Key Experimental Results¶
Main Results¶
6-party, 5-issue sports facility construction negotiation scenario (averaged over 500 experiments):
| Method | FAR (Full Agreement Rate) | PAR (Partial Agreement Rate) | LAR (Latent Agreement Rate) |
|---|---|---|---|
| Base-LLM | 0.37 | 0.76 | 0.97 |
| Base-OM (all) | 0.56 | 0.92 | 0.99 |
| LLM-PE (all) | 0.32 | 0.69 | 0.93 |
| Proposed (all) | 0.62 | 0.89 | 0.98 |
Ablation Study¶
| Method | Preference Estimation MSE (Avg) | Notes |
|---|---|---|
| Proposed | 159 | Language + numerical fusion |
| Base-OM | 189 | Numerical bids only |
| LLM-PE | 163 | Direct LLM inference |
Key Findings¶
- Mutual modeling (all) substantially outperforms one-sided modeling (p1) (FAR 0.46→0.62), demonstrating multi-party synergy effects.
- Direct LLM-PE inference underperforms the purely numerical baseline (FAR 0.32 < 0.56), validating the necessity of a structured framework.

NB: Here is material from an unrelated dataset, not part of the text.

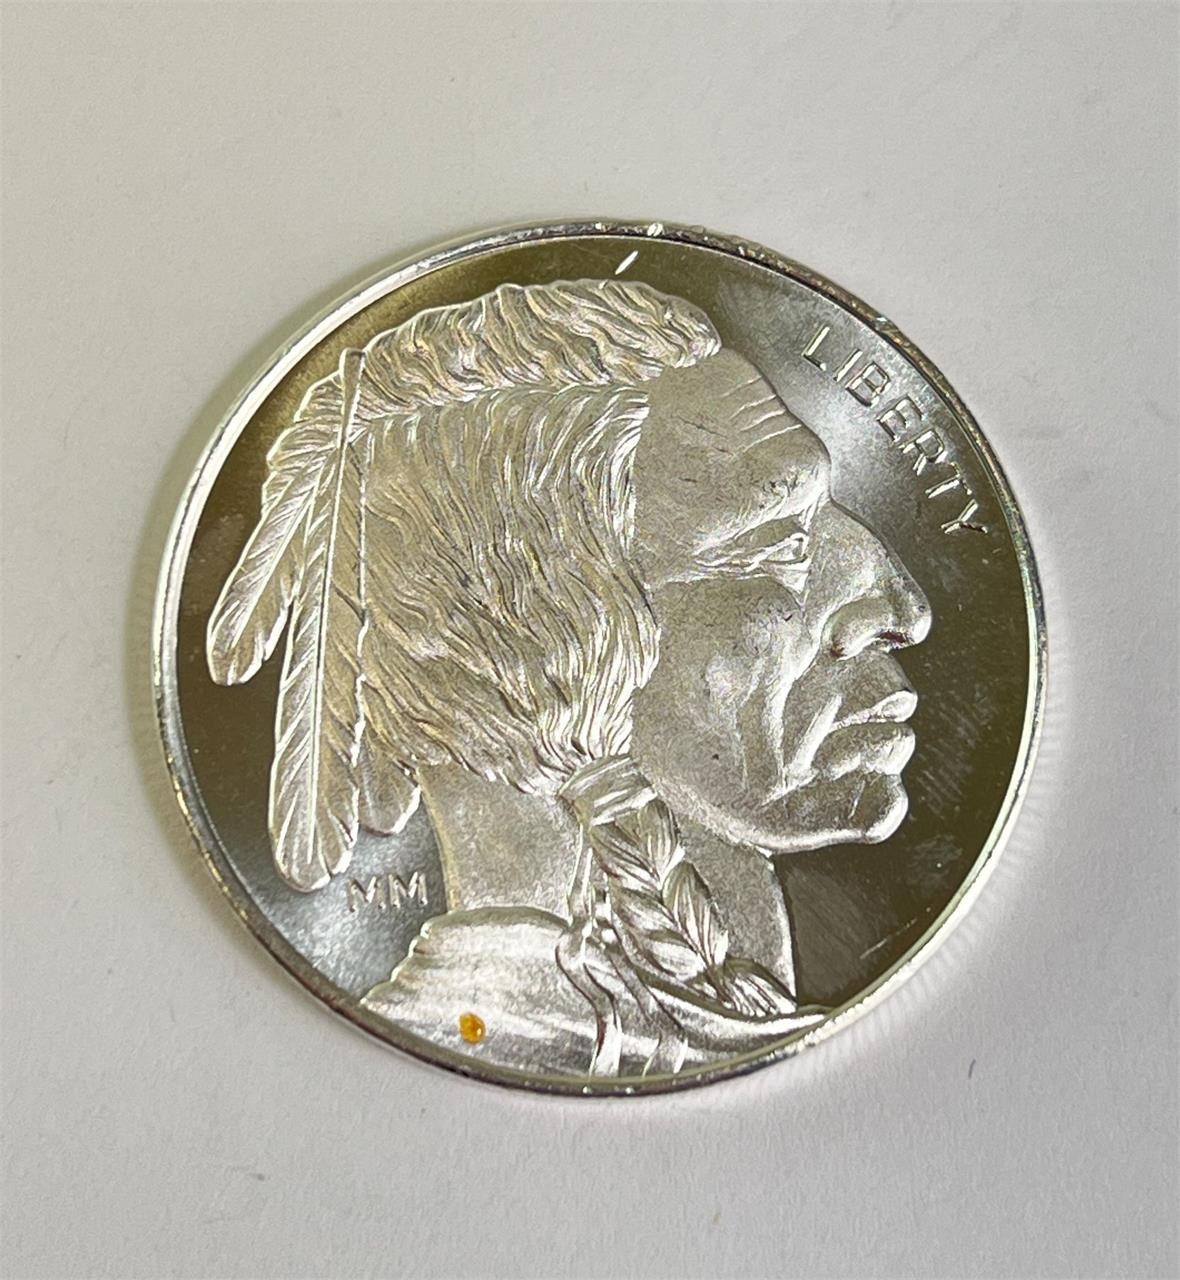 1 Troy Ounce .999 Silver Buffalo Nickle Coin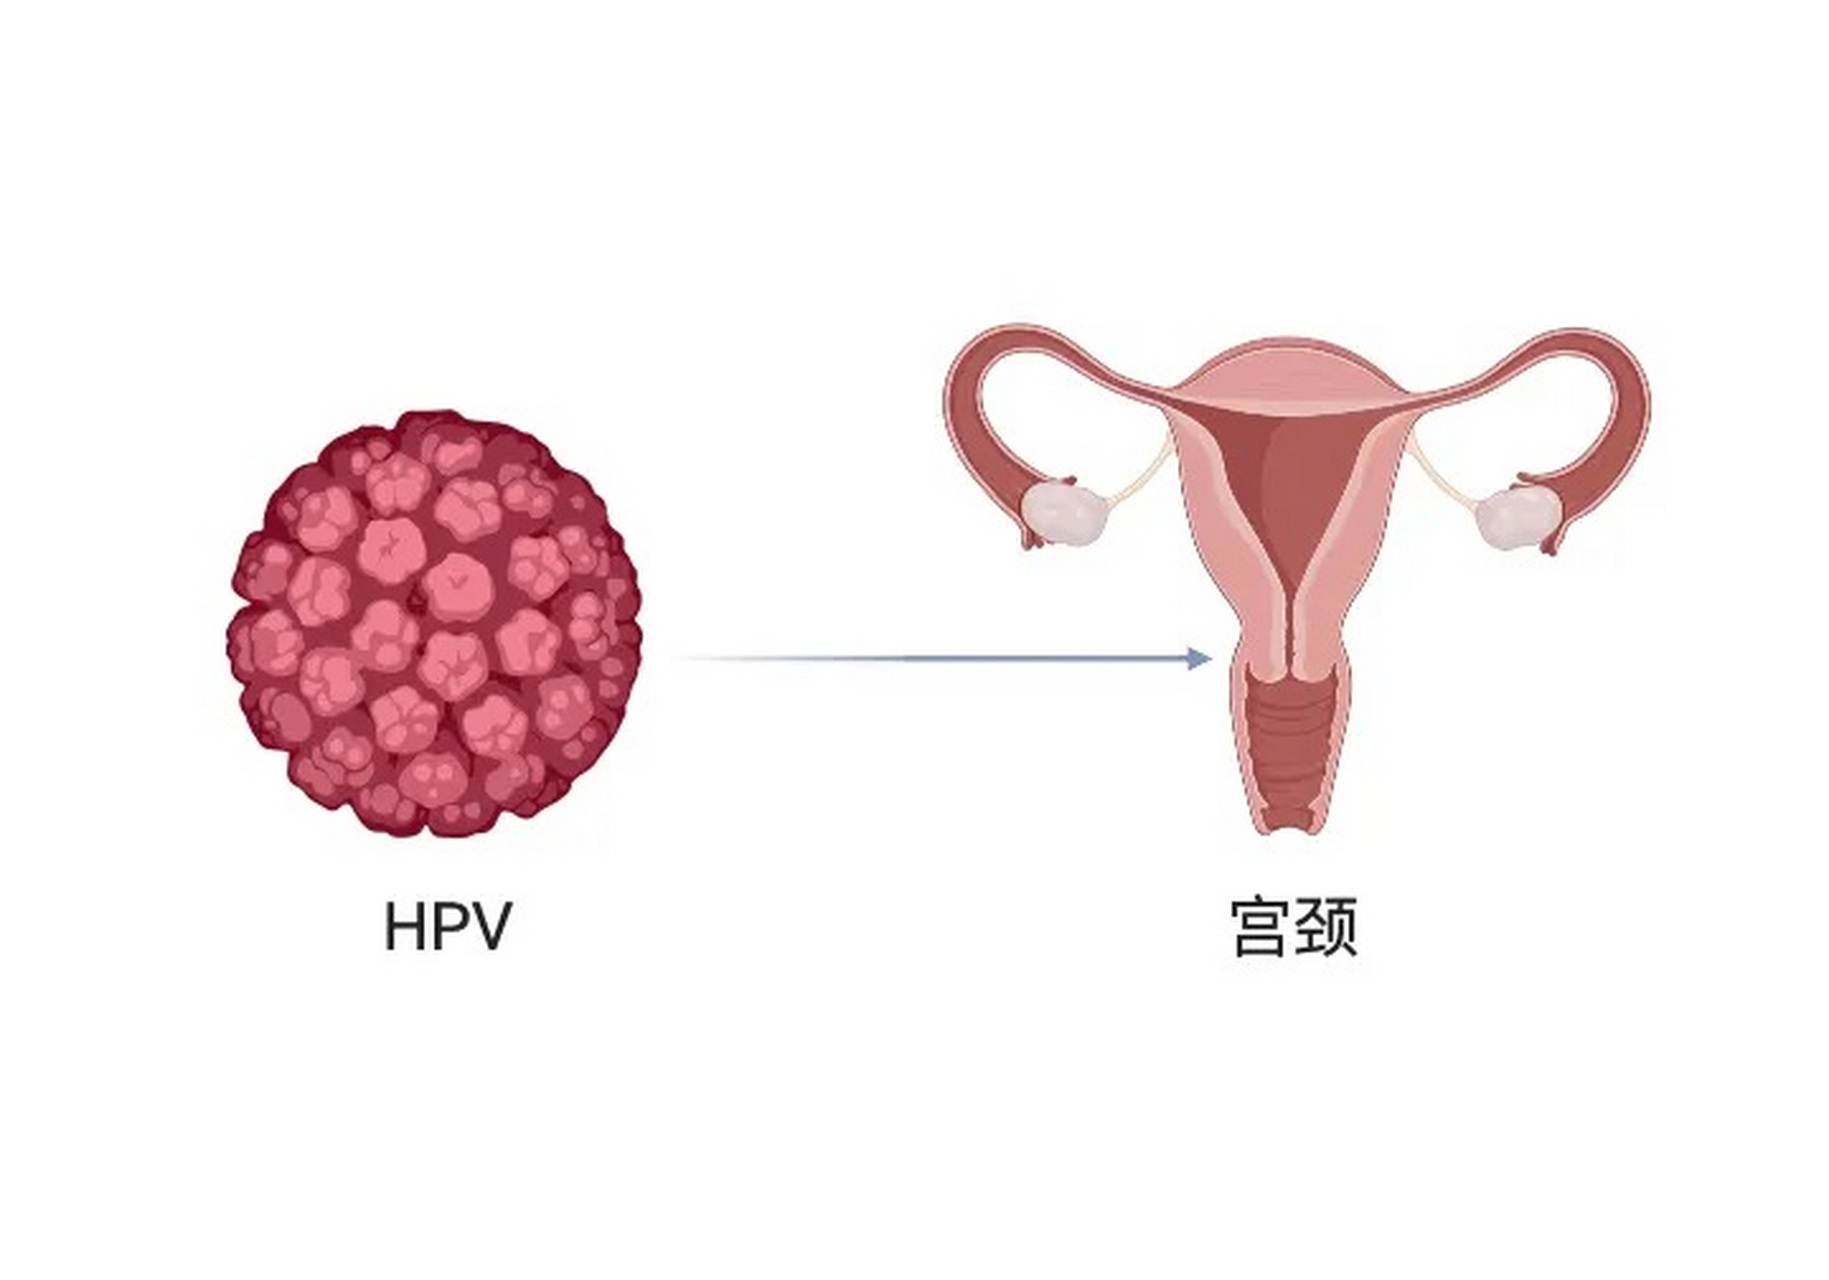 女性宫颈感染hpv病毒有什么症状 女性宫颈感染hpv通常没有症状,具体

- Integrating linguistic signals reduces MSE from 189 to 159, yielding more accurate and balanced estimate distributions.
Highlights & Insights¶
- The hybrid paradigm of "LLM extraction + Bayesian inference" is highly instructive — it leverages the semantic capabilities of LLMs without relying on their reasoning consistency, using a mathematical framework to ensure structured updates.
- The elegant application of the Luce choice axiom naturally maps preference weights to selection probabilities, providing theoretical grounding for the conversion from linguistic signals to likelihood functions.
Limitations & Future Work¶
- The method assumes opponents communicate sincerely and does not account for deception or bluffing.
- Evaluation is conducted in a single scenario; generalizability to diverse settings remains to be tested.
- The hypothesis space grows factorially with the number of issues, necessitating approximation algorithms.
Related Work & Insights¶
- vs. Base-LLM: Pure LLM-based negotiation lacks structured preference tracking, leading to strategic inconsistency in prolonged negotiations.
- vs. LLM-PE: Direct LLM inference of numerical preferences is unreliable (FAR of only 0.32), underscoring the need for a probabilistic framework as a constraint.
Rating¶
- Novelty: ⭐⭐⭐⭐ The fusion of linguistic signals with a Bayesian framework is an original contribution.
- Experimental Thoroughness: ⭐⭐⭐ Limited to a single scenario with 500 experiments; scenario diversity is insufficient.
- Writing Quality: ⭐⭐⭐⭐ Formalization is clear and illustrations are intuitive.
- Value: ⭐⭐⭐⭐ Provides a valuable paradigm for applying LLMs in structured decision-making.